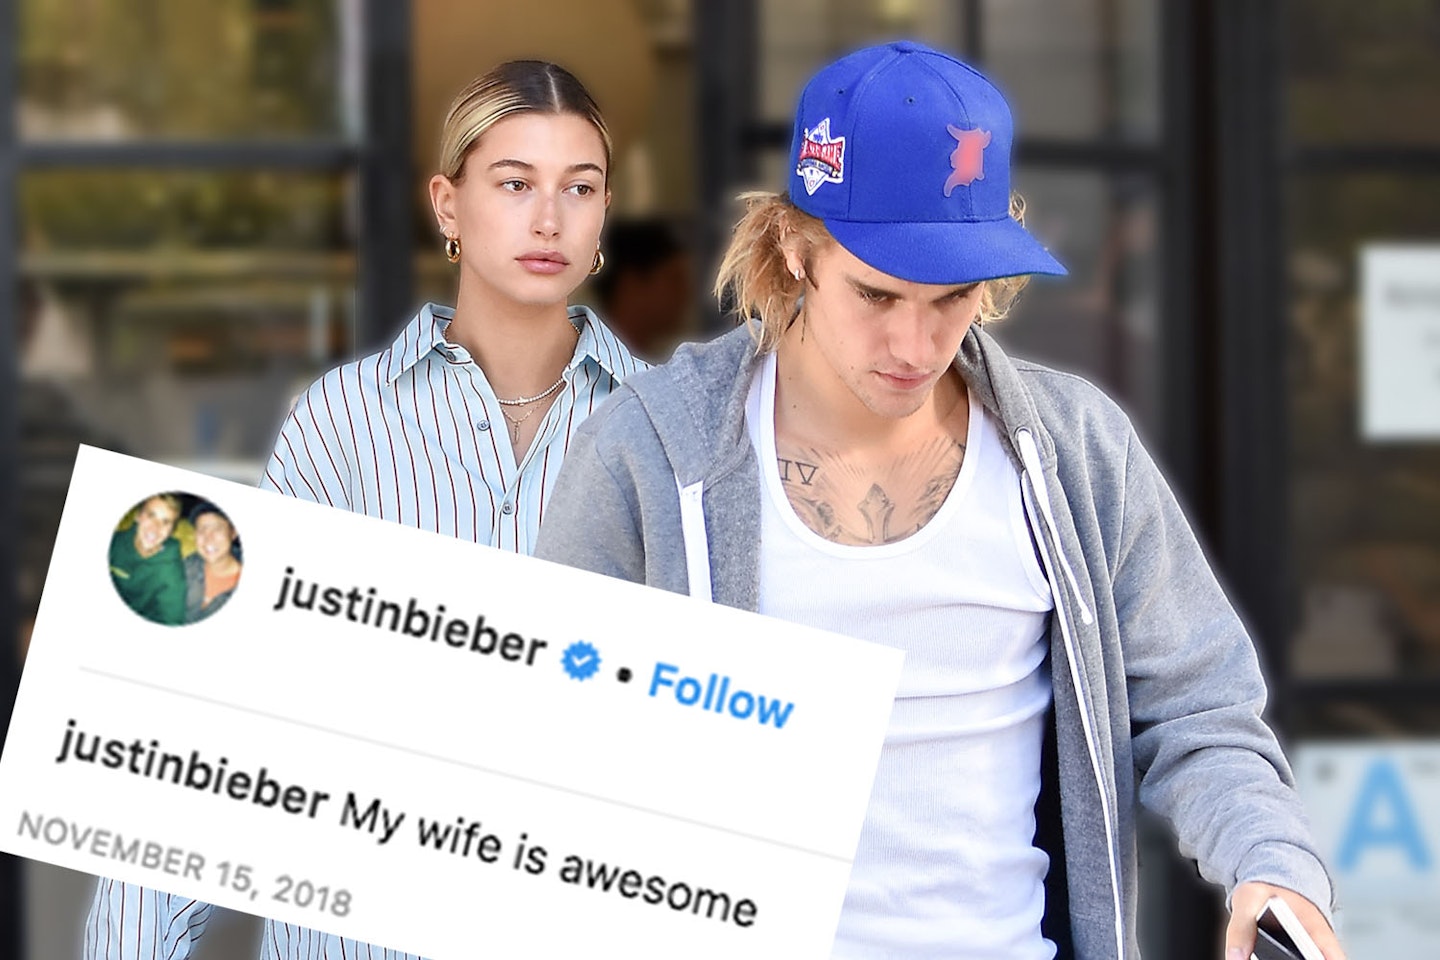 Justin Bieber 'Peaches' Lyrics & Meaning Explained As He Sings
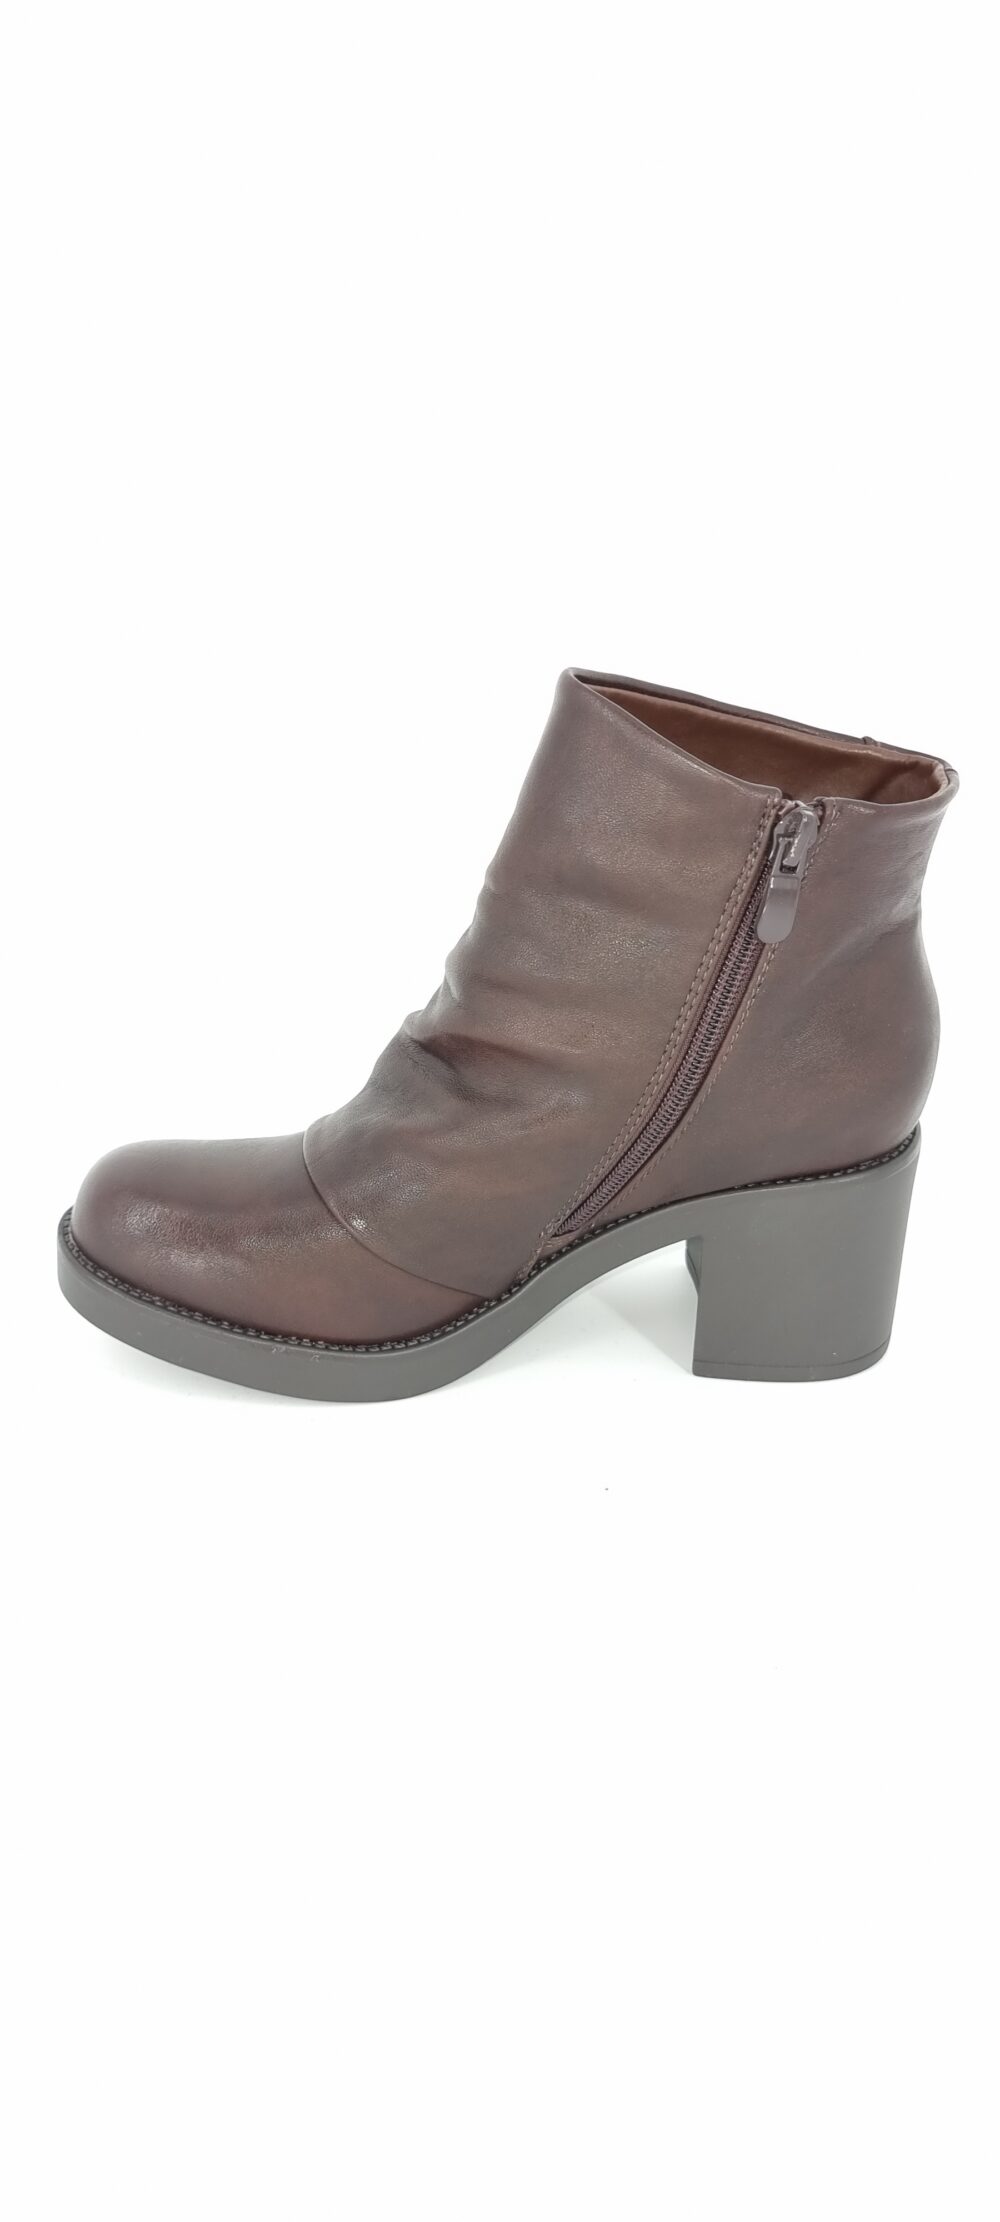 Round toe boot and low thick heel brown
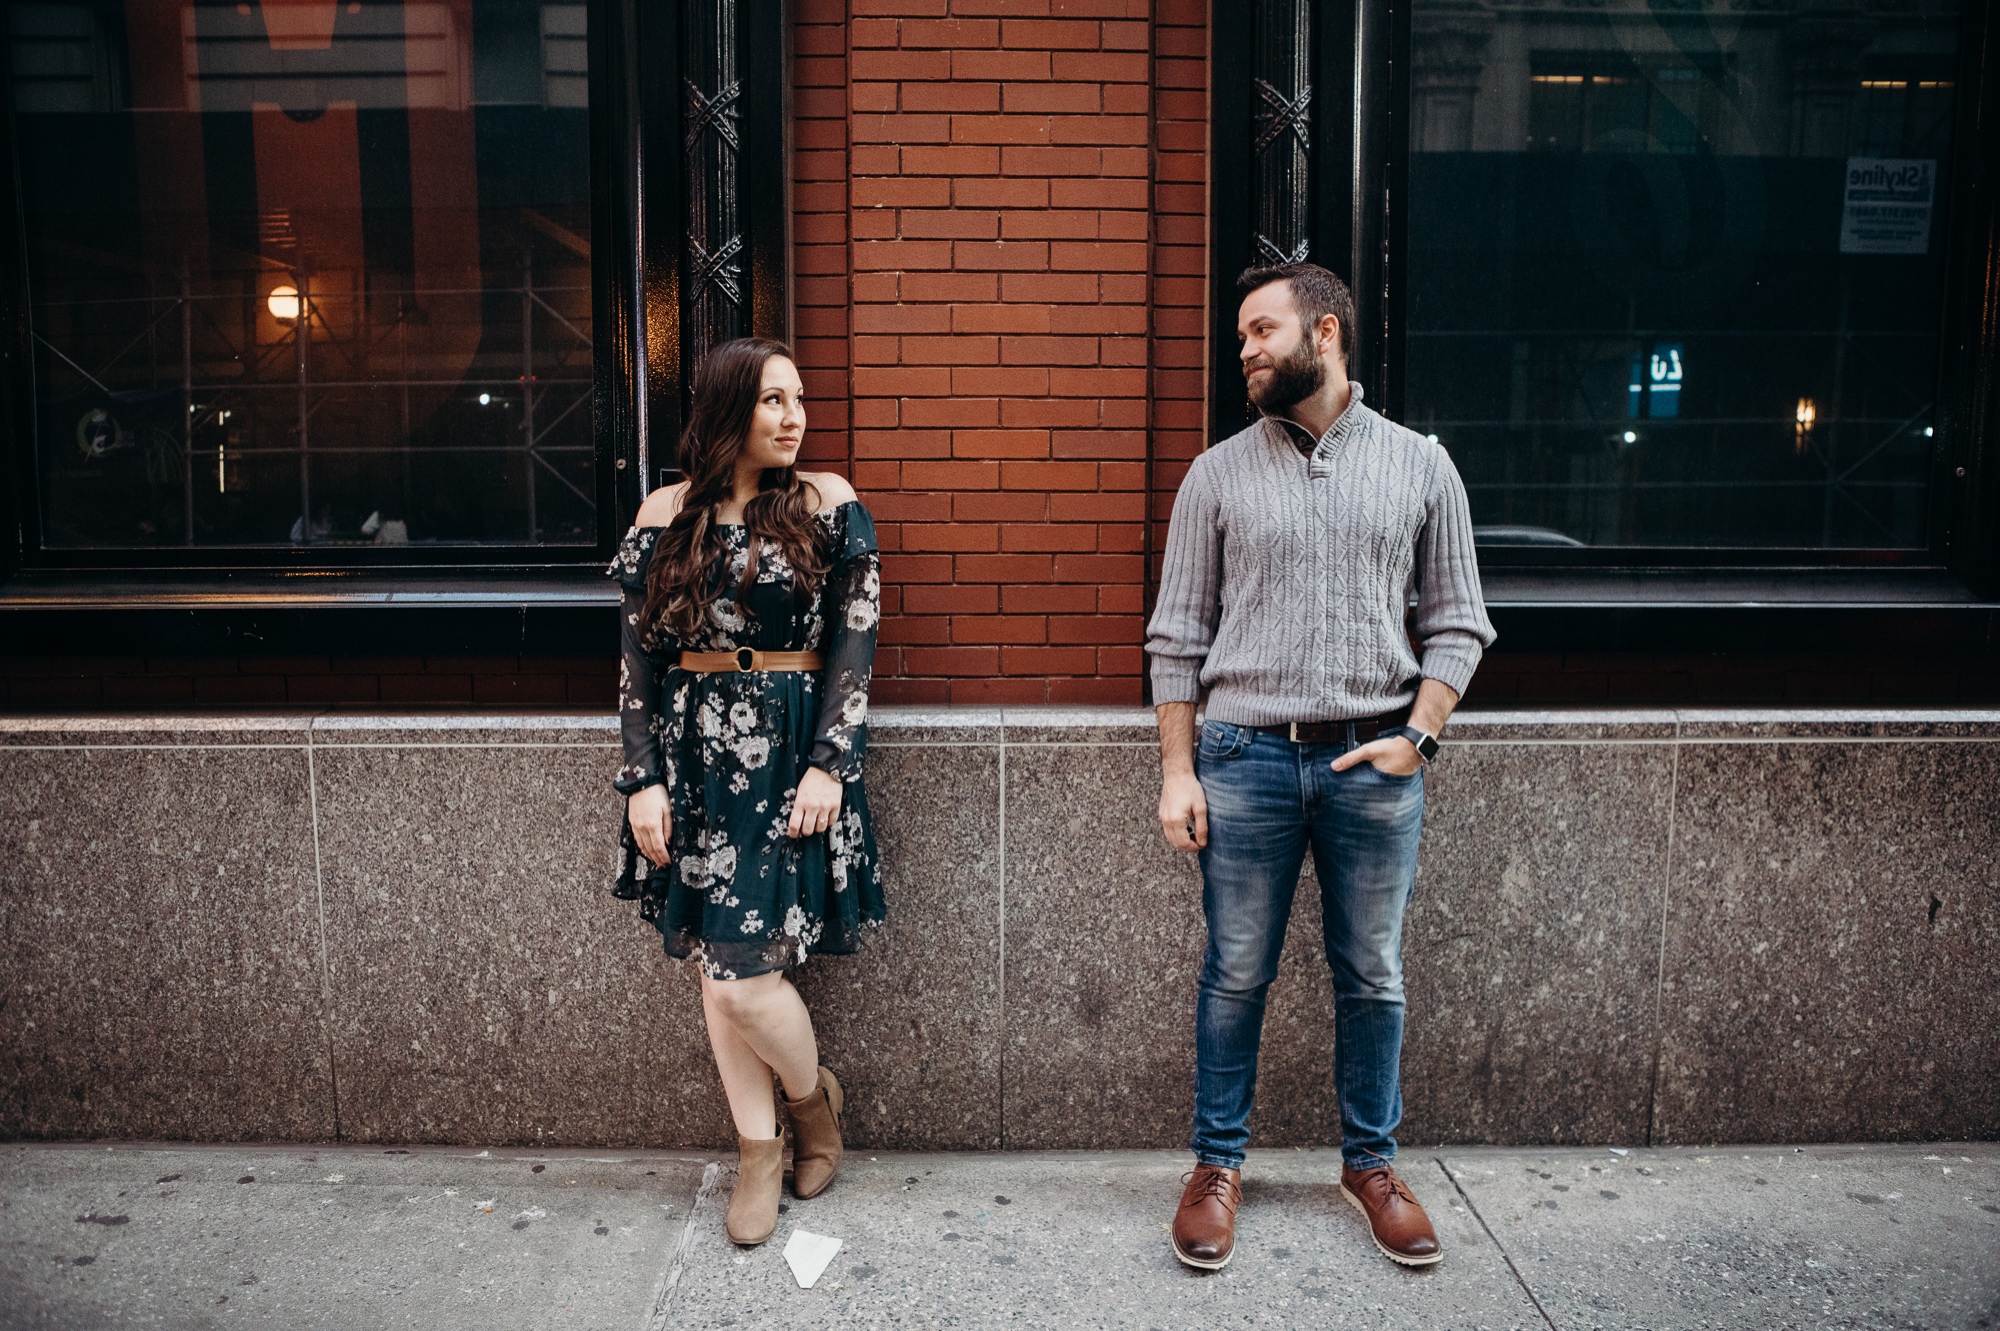 engagement photos of a couple in front of the lyric theater in times square, new york city
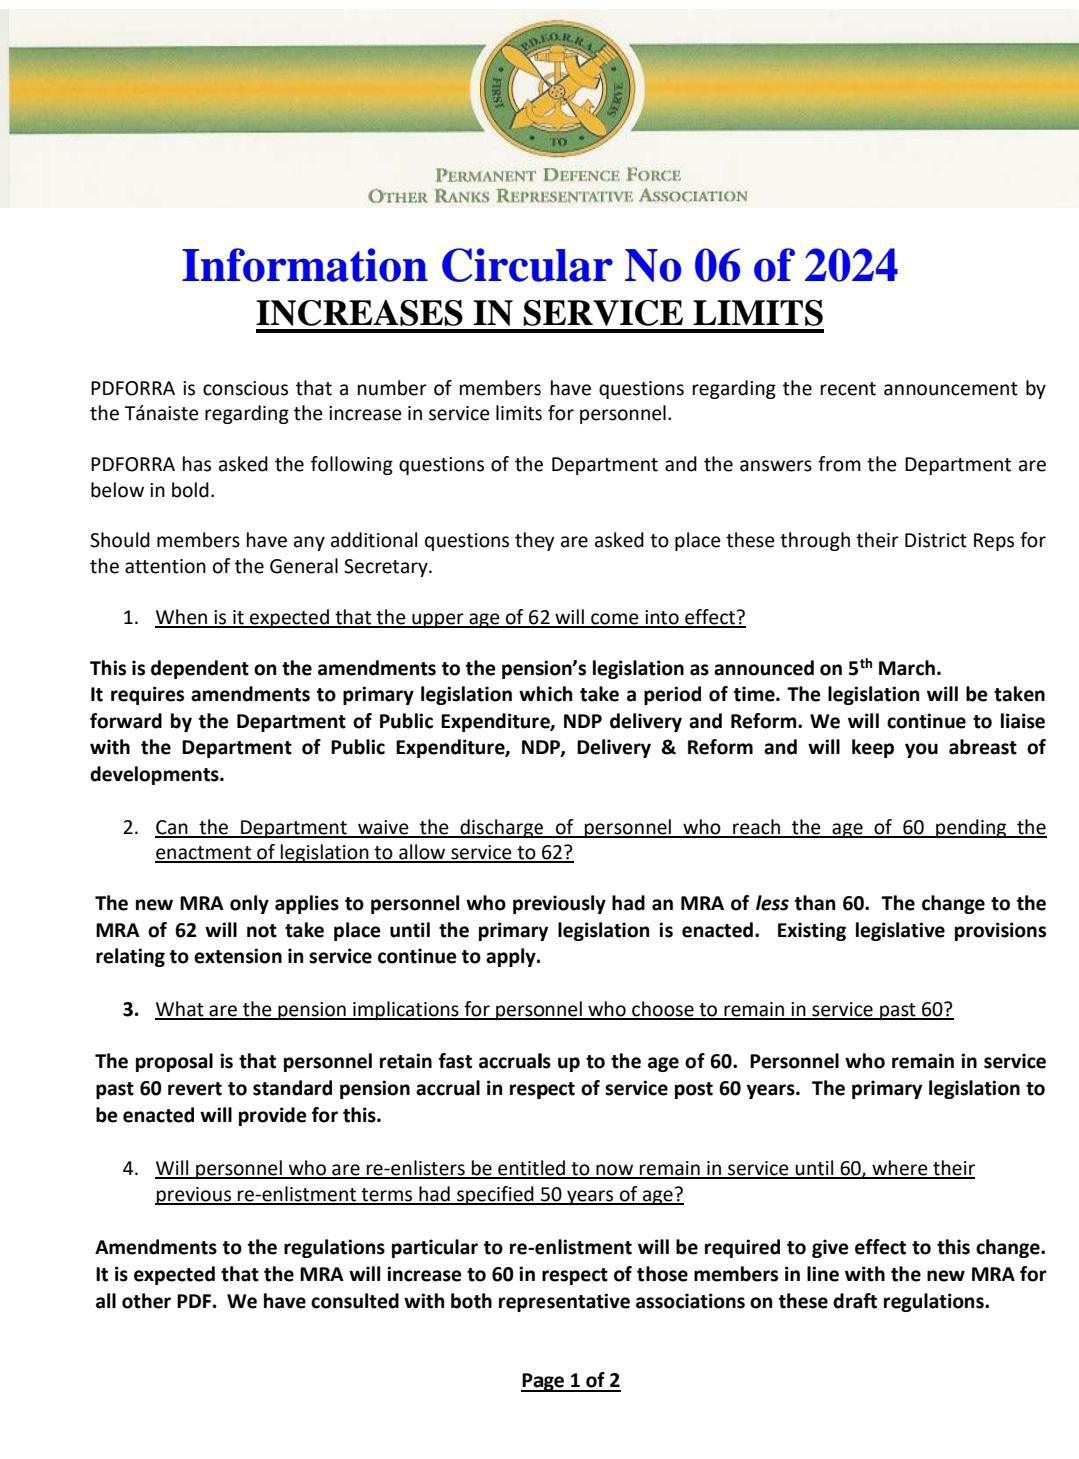 Information Circular No 06 of 2024 - Continuance in Service from 60 to 62 (Two Page Circular)

### Task prompt
Once more, please print the whole listing exactly, omitting each image.

### Task output
 Justin Bieber 'Peaches' Lyrics & Meaning Explained As He Sings
 Round toe boot and low thick heel brown
 engagement photos of a couple in front of the lyric theater in times square, new york city
 Information Circular No 06 of 2024 - Continuance in Service from 60 to 62 (Two Page Circular)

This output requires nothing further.